Again, one can quibble with the distances between labels on the spectrum, but this graphic seems to do a better job at capturing the diversity of political views. The addition of “Fundamentalism” adds a theocratic dynamic, parallel to the total state of communism and fascism. Most objectionable is this graphic’s perfect square and Cartesian grid lines, as if there are neat and measurable distances between these beliefs. If we really wanted to map the ideological distances between these systems, the resulting shape would probably be amoeba-like.
The whole undertaking of categorizing myriad belief systems, political parties, and historical leaders across in a framework based upon two (or four, or six) concepts is problematic. It’s a complex mapping problem, so any solution is bound to be messy. More troublesome is these “maps” seem to always have a narrative embedded in them.
Why is this important? For one thing, if you look at enough of these spectrums, you start to see many are designed in a way that reveals a favored political opinion, leading the witness to a so-called correct position. Other beliefs deemed unworthy are entirely ignored. The politics of the spectrum designer are found safely in the middle: in the photo at the top of this post, it is “Democrats” and “Canada” and in the spectrum pictured above, it is “Liberalism”. Like the porridge Goldilocks chooses, the position they want you to land on is “just right” so to be far enough away from Satanic Hitler or those cultish-sounding scary words that must be for crazies. Spectrums want us to be in the liberal-democratic center, never too far to the left or the right, and place the existence of the state at a central point when measuring other political beliefs and then labeling what is considered extreme.

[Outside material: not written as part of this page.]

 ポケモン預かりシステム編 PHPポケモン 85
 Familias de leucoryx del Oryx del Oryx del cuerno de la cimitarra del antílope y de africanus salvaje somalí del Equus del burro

Spectrums are pregnant with those labels, sometimes stated and sometimes implied. When labeling occurs minds shut off. Upon mention of anarcho-capitalism, the typical person will have no idea what it means. After all, both words have negative connotations. Some would associate a voluntary society with nihilism or primitivism, no one in charge to prevent chaos. Others would jump to some vision of plutocracy where corporate interests rule, like the dystopian future imagined in the sci-fi TV show Continuum. One can see the labels being dealt like cards as people reason by analogy. But when a person sees anarcho-capitalism on the very edge of the spectrum–the outlier, the freak–they are being told what they must think about it.
So you should ignore the spectrums and focus on the ideas themselves. Find the essence of these systems: what do their societies look like, how does the political ideology impact culture? I think a simple sentence could be used to express the essence of each ideology. For example Murray Rothbard in his book Society and State wrote, “I define anarchist society as one where there is no legal possibility for coercive aggression against the person or property of any individual.” Contrast Rothbard’s elegant sentence with the clumsy libertarian (and Libertarian Party) shorthand of being “fiscally conservative and socially liberal.” This is an attempt to find the coveted middle position, the beliefs that are “just right”–not too hot, not too cold, not too freewheeling, not too collectivist.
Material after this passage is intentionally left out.